> [How to complete this task]:
In the entries that follow, find the line containing "Juara 2 Evaluasi" and the line containing "90’s Layered Plaid Mini Dress (M-L)", then copy exactly everything from the first through the second except the pictures.

> [Dataset content]:
* * *
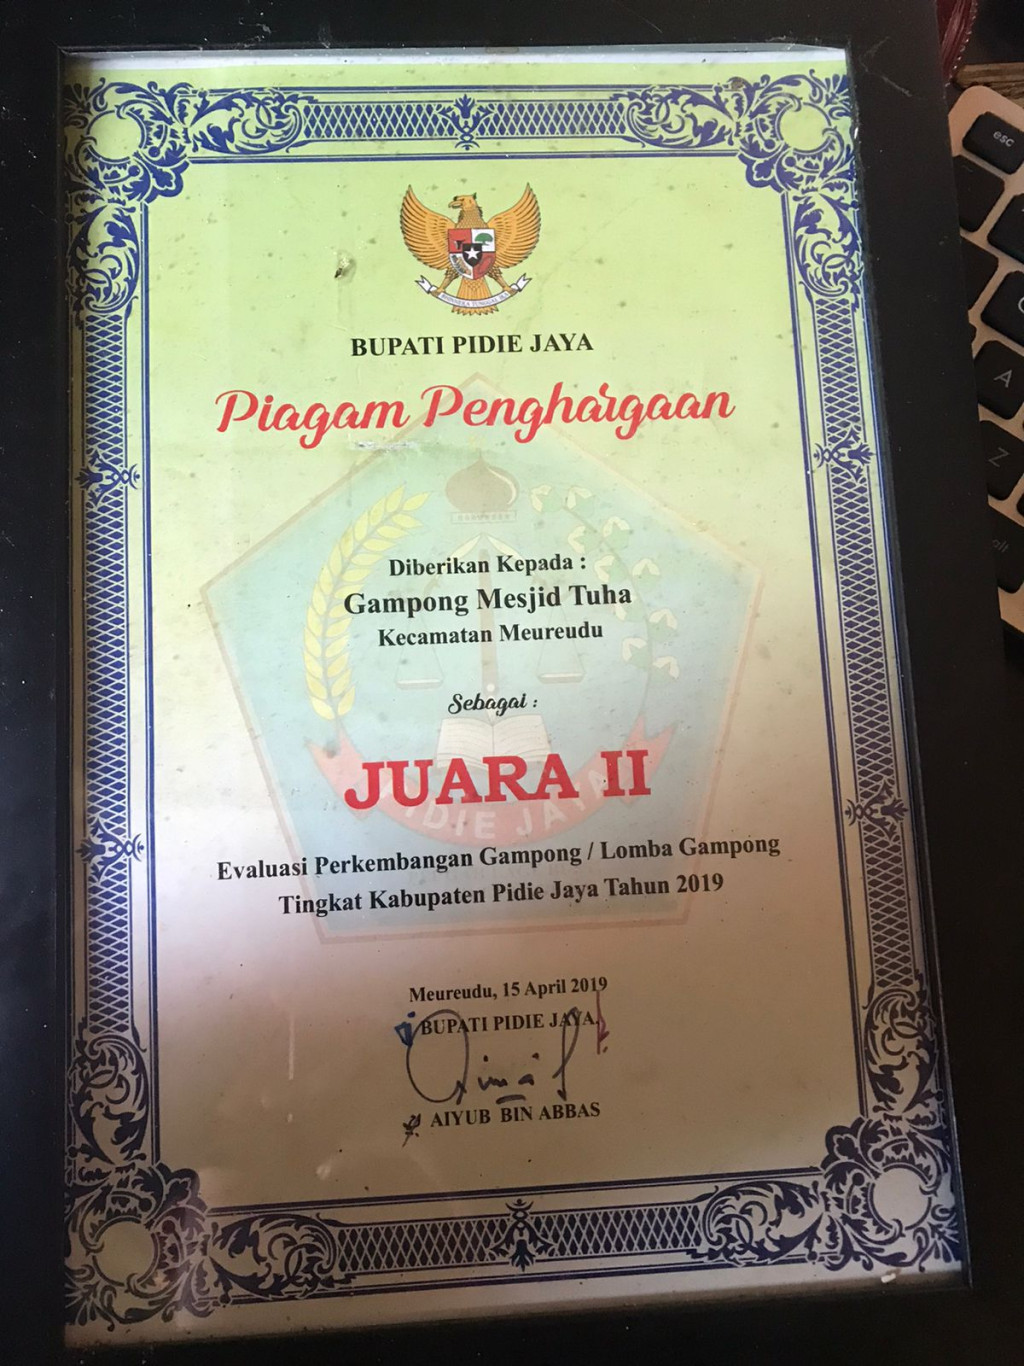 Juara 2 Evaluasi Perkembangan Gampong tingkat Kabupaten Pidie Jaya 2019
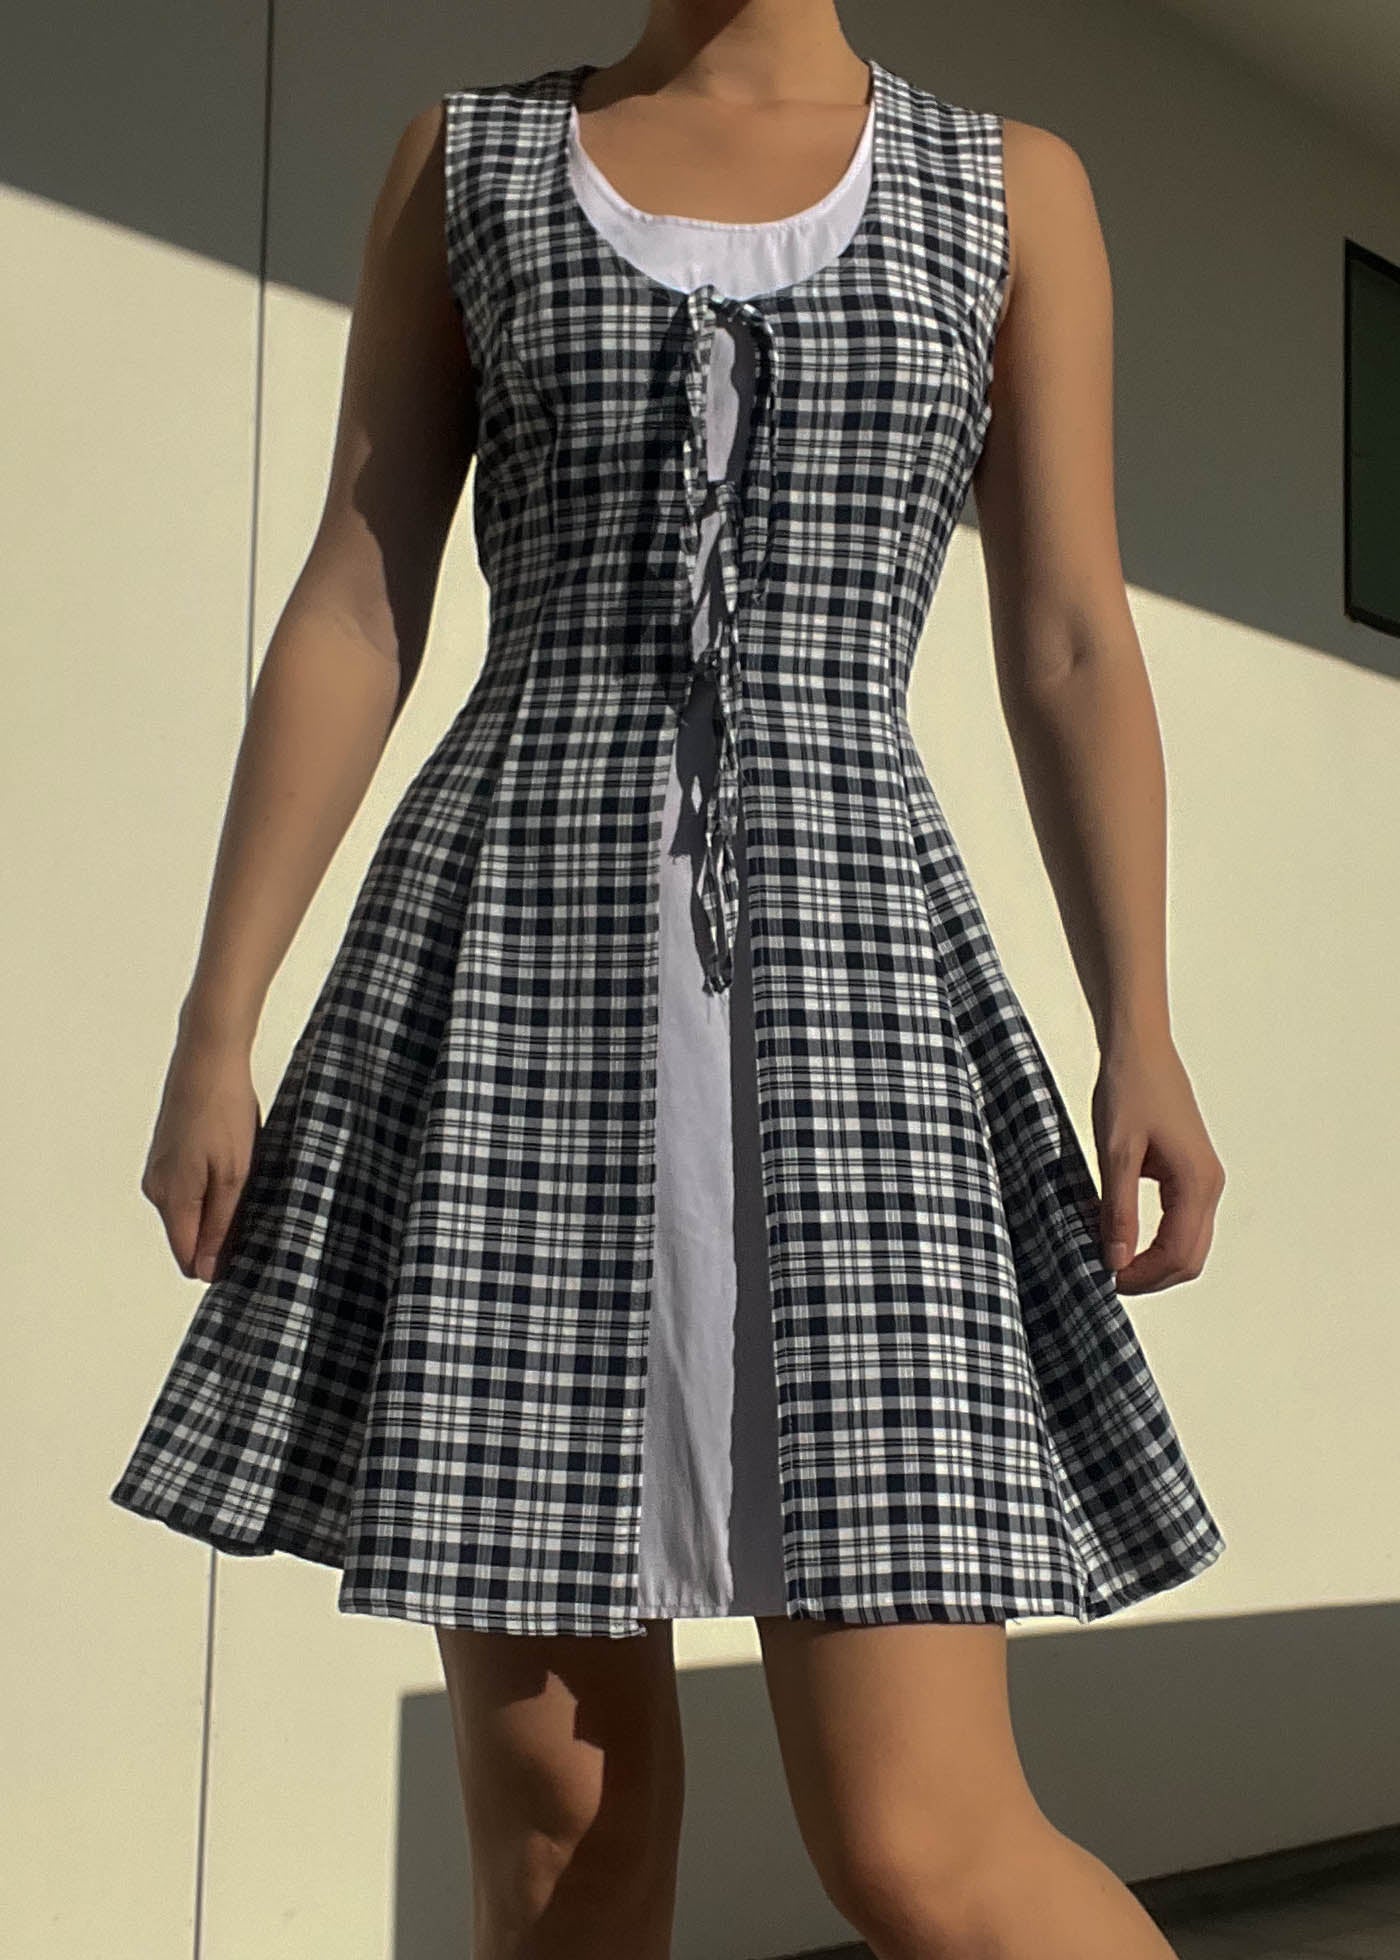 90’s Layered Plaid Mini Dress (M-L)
* * *
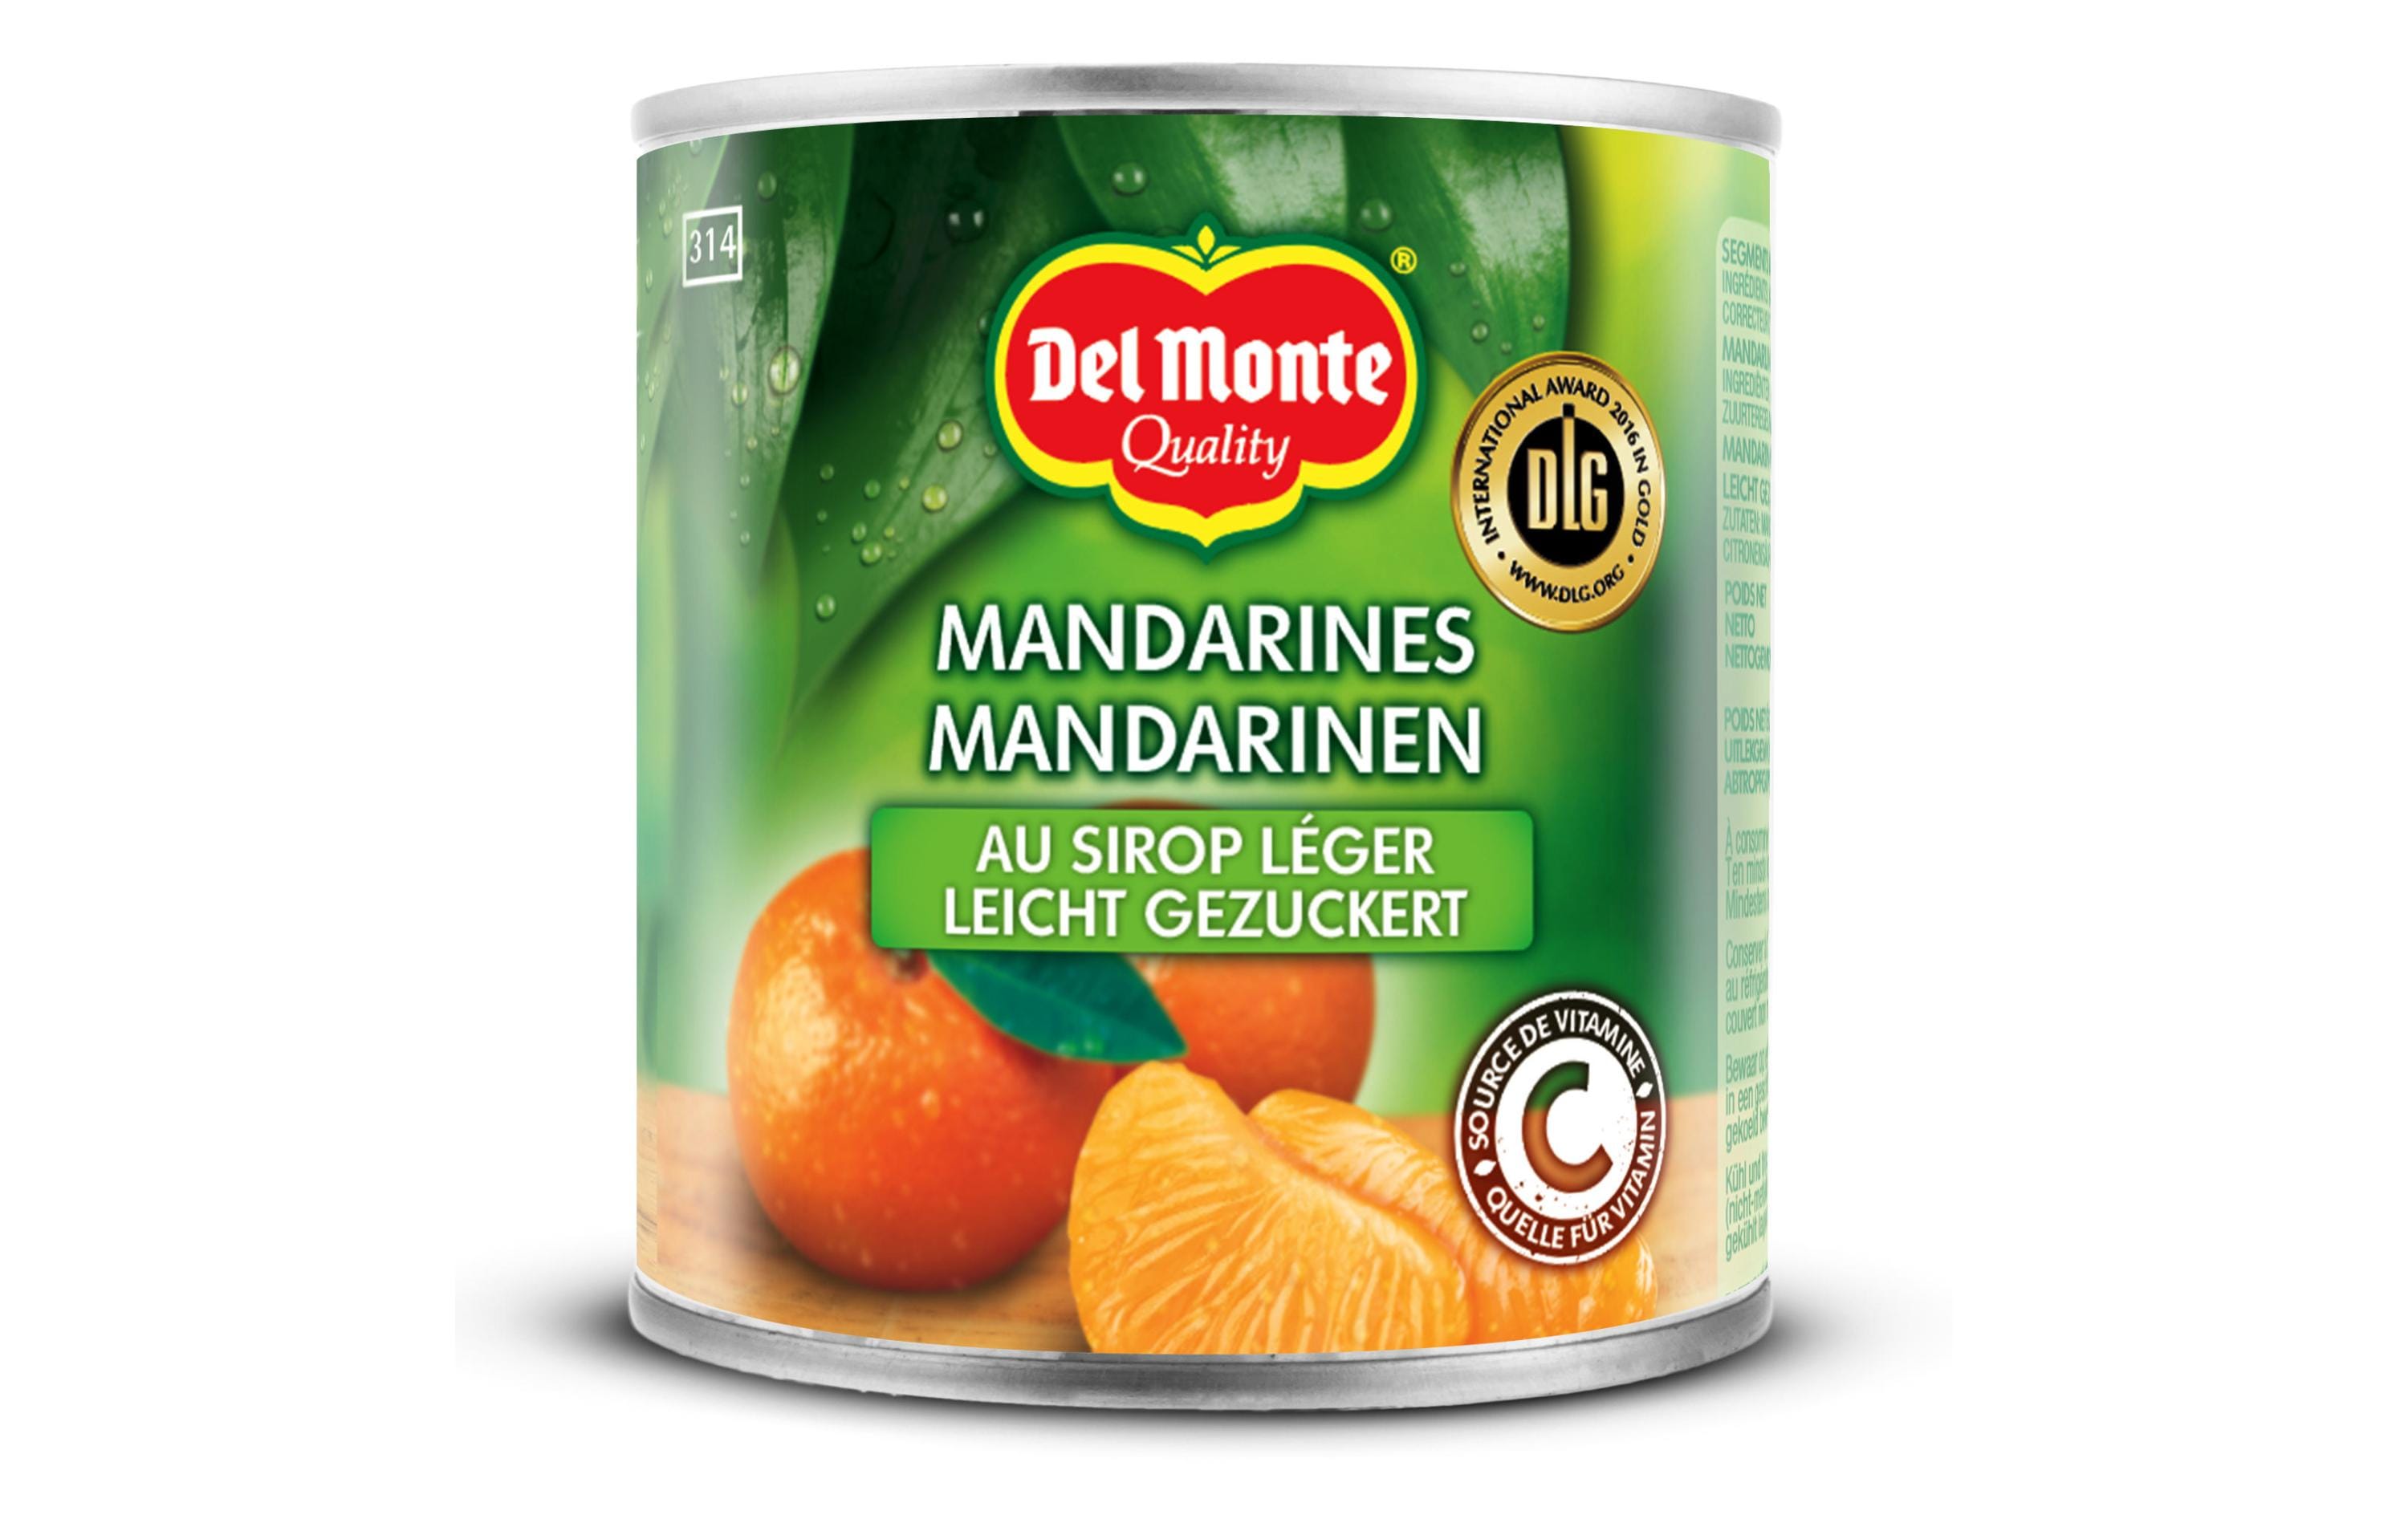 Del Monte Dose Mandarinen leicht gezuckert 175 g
* * *
> [Problem solution]:
 Juara 2 Evaluasi Perkembangan Gampong tingkat Kabupaten Pidie Jaya 2019
 90’s Layered Plaid Mini Dress (M-L)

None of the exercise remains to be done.